Economics explains why and how bad it can hurt the rest of the world. Malaysia will not be spared. In one way of seeing, economics is a study of supply and demand. And Russia and Ukraine are big suppliers of things we have insatiable demand for. Start with crude oil.
Gravitas, an Indian news channel, says 12 per cent of the world's crude oil comes from Russia. Translated into the language of exports, that is equivalent to five million barrels per day, an amount several times more than what many countries are able to produce in a day.
United States President Joe Biden on Tuesday stopped it heading to his country by imposing a ban on Russian oil and gas. Oil shock is back again.

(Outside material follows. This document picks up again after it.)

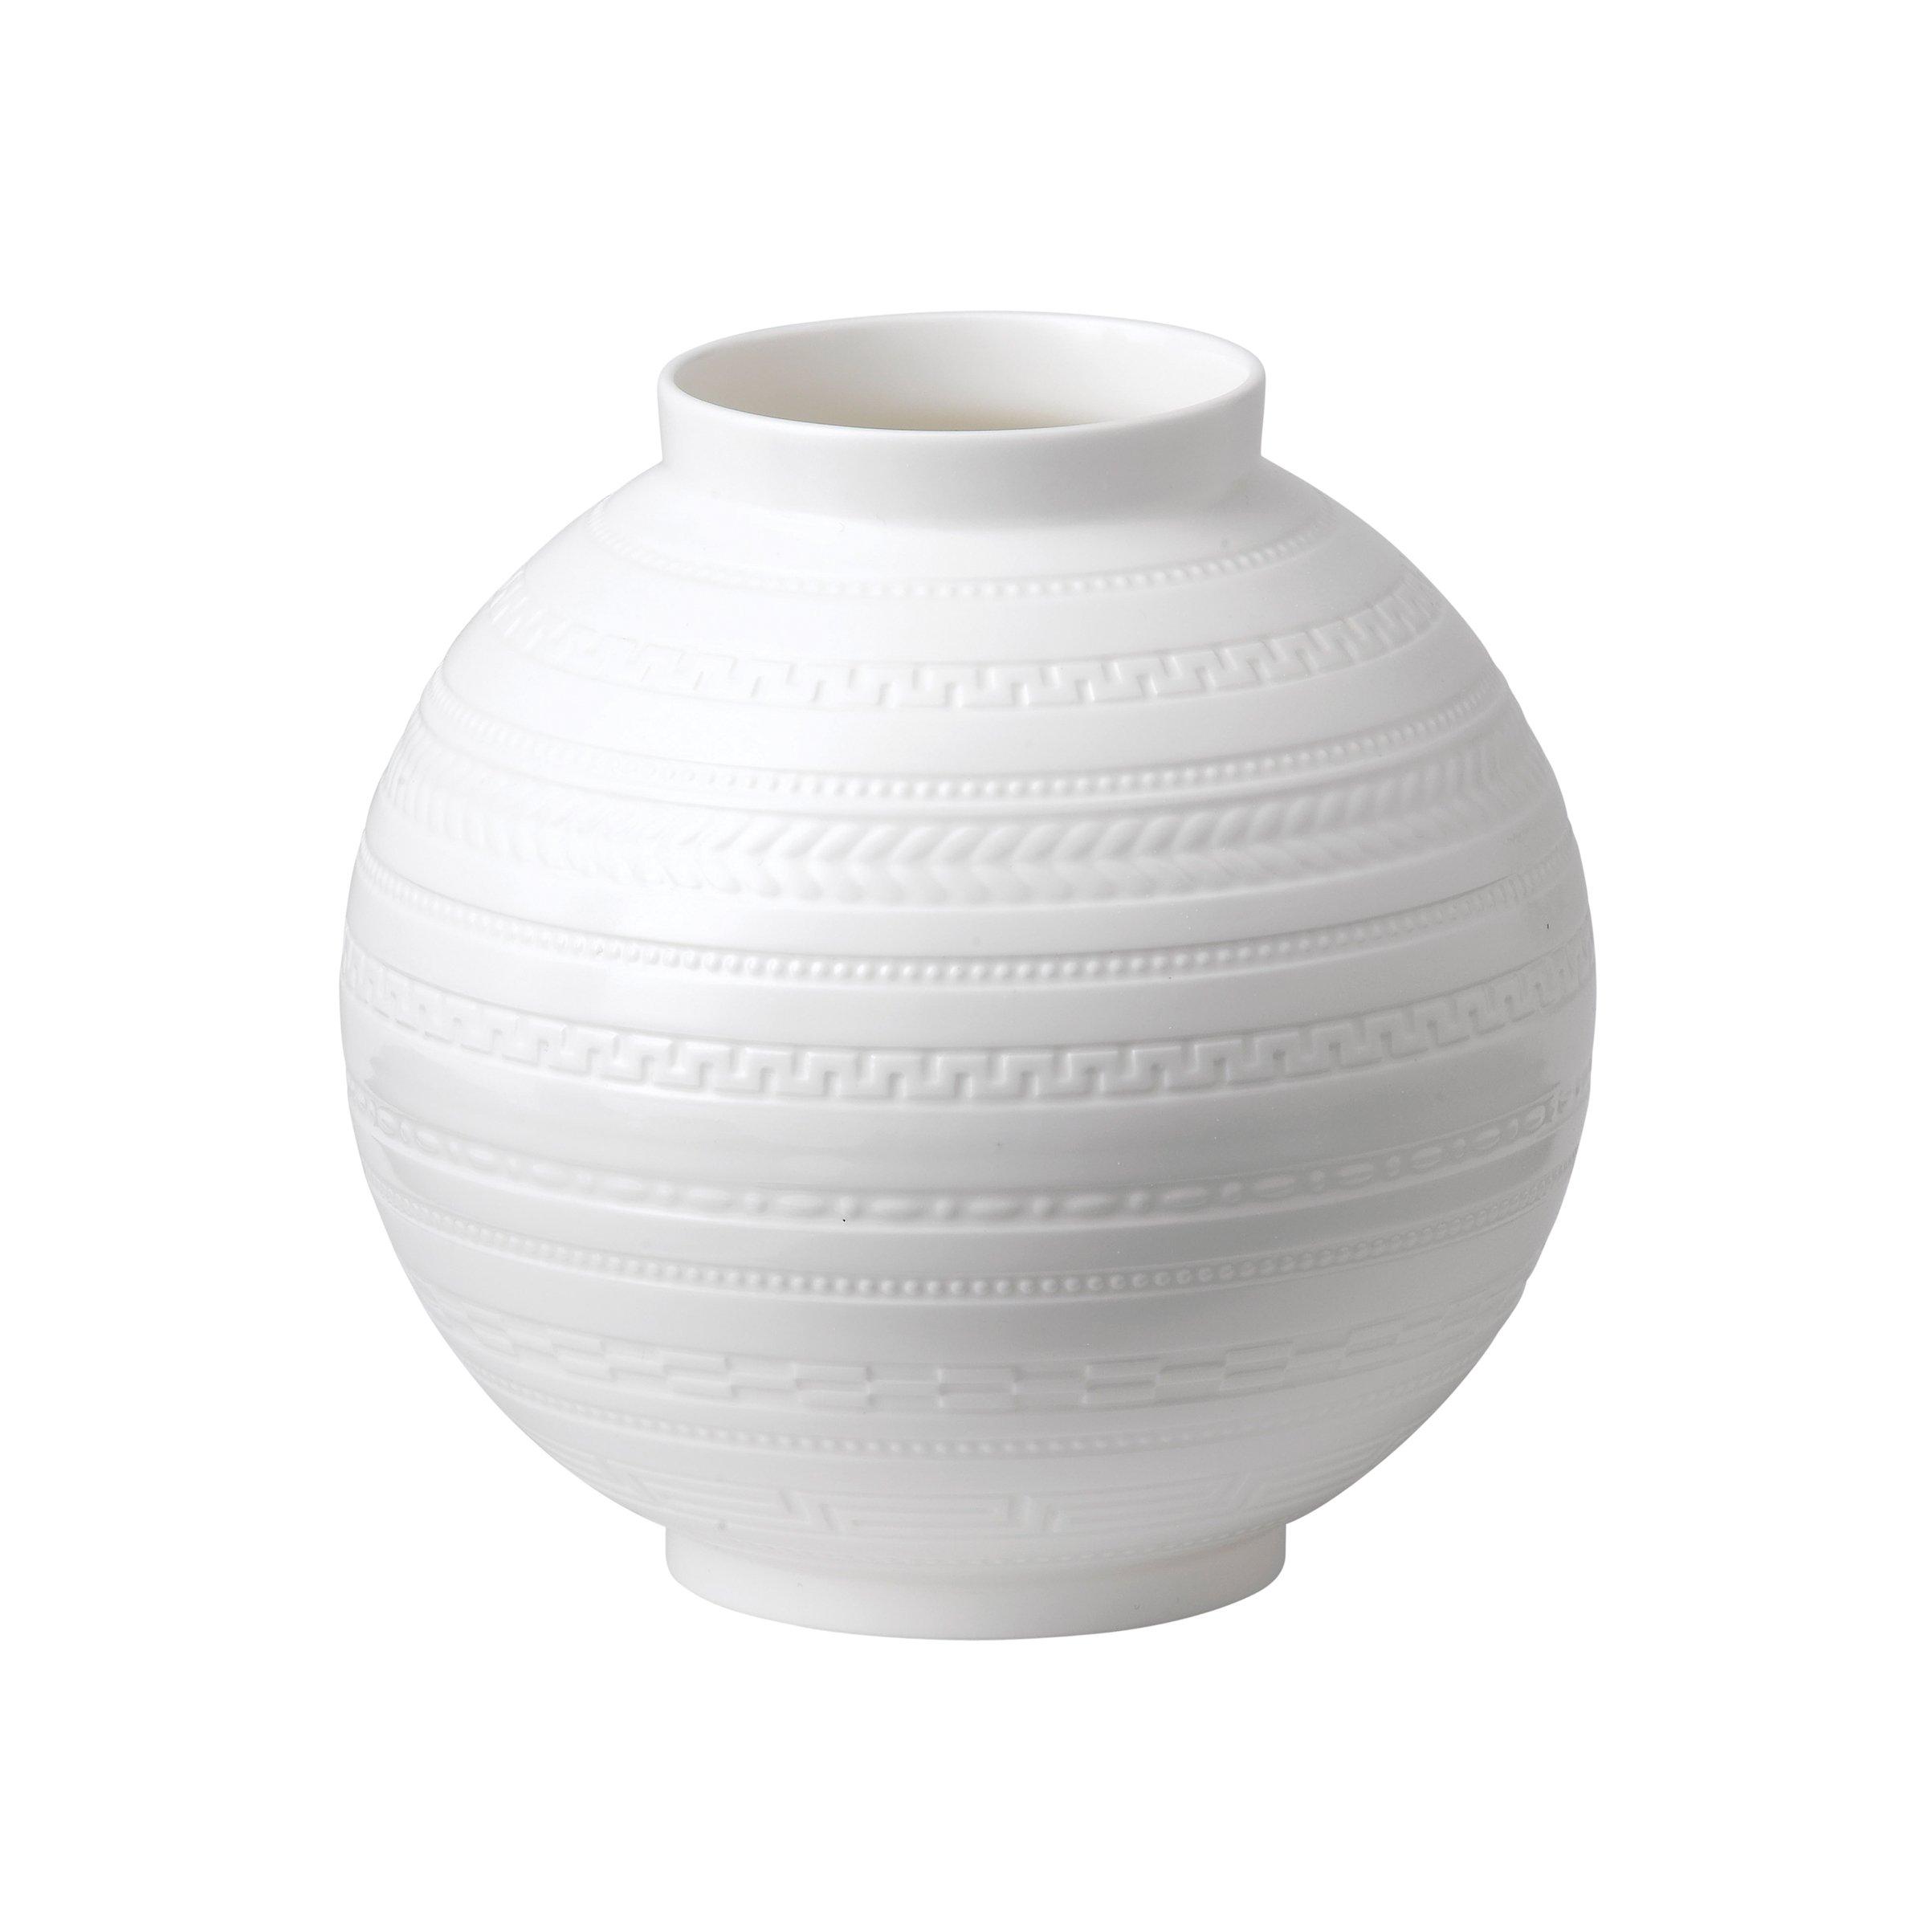 wedgwood intaglio giftware white vase cm  wedgwood® australia - wedgwood intaglio giftware white vase cm

True, the US has the potential to produce huge supplies of shale oil. But shale oil is not on tap to be turned on and off as the president pleases. It takes time. In the meanwhile, people around the globe will have to pay a heavy price to move their vehicles from point A to B. How high?

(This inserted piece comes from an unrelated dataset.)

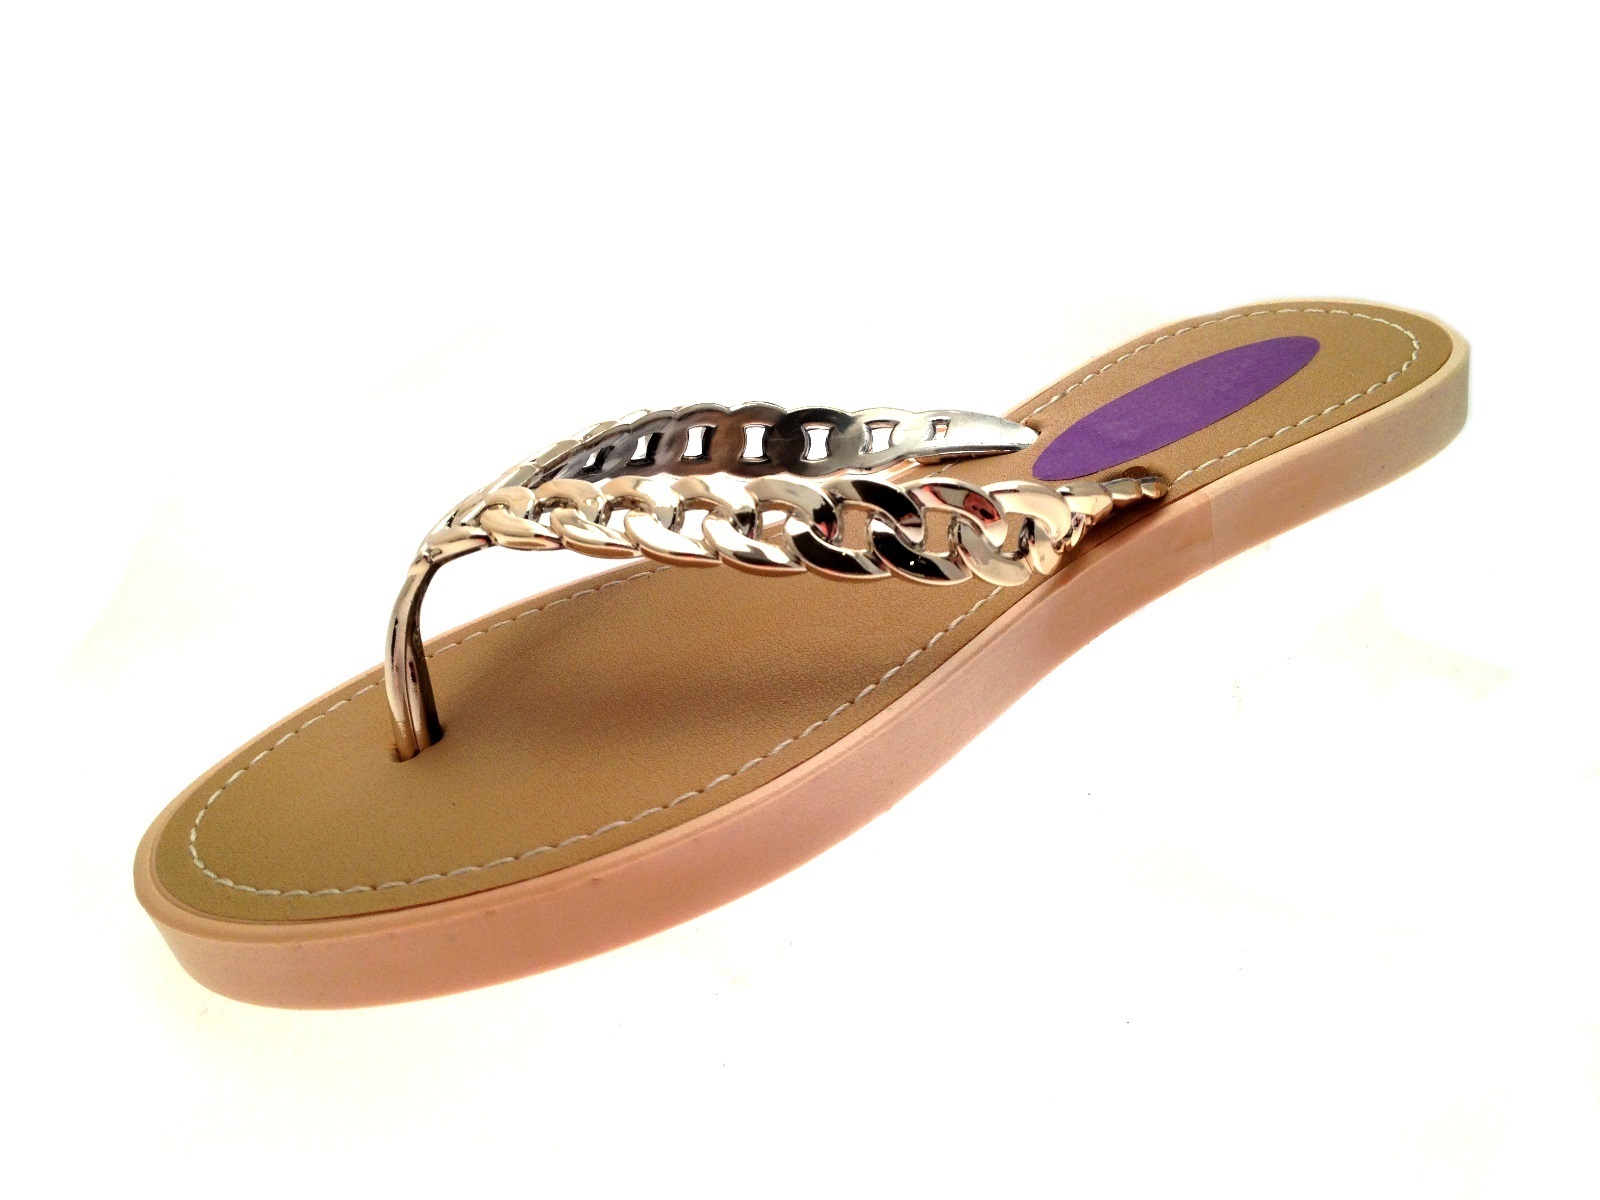 0bc5db318394 Womens Summer Sandals Chain Toe Posts Metallic Beach Flip Flops ...

The market gave us an indication on Tuesday when Brent, the global benchmark crude, hit the roof at US$132. Not in 40 years, says a media report quoting analysts. Many say US$150 isn't too far away. According to Bloomberg, Opec sees this as movements in the futures market as there is no physical shortage of oil.
Are we moving from the low-for-long scenario to a high-for-sometime one? Expect a domino effect. From tea to tamarind, we may end up paying more and more with less and less. Inflation will eat into the dollar, pound, euro, rouble, ringgit, rupiah and what have you like no roach can.
For people nearer home in Europe, it will be dark days in more ways than one. Russia supplies 40 per cent of Europe's gas and this may soon be turned off. Russia's Deputy Prime Minister Alexander Novak took to the air to signal such a warning after a series of sanctions began hurting Moscow.
Keeping the light and heat on would be a huge burden for many in Europe. The Financial Times is right. The conflict in Europe is a disaster for global food supply. According to the newspaper, commodity prices, more generally, increased at close to the fastest pace for over half a century last week. More specifically, wheat prices hit a record high on Friday — US$13.50 per bushel, a 50 per cent rise since the war started on Feb 24 — as exports were halted. Russia and Ukraine — Europe's bread basket — produce 30 per cent of the world's traded wheat, according to the British newspaper.
War isn't just pushing the price of wheat up, but also inflating those of other grains because of demand shifts. Corn is reported to be up by 10 per cent since the war began. If the war continues, not only the grains stuck in ports would not get to their destination, but new ones would not get to grow. No harvest but thorns. Bread may not be available even if you have the money to buy it.
War is in nobody's interest. Geography tells us the war is in Europe. But economics tells us it is very near home.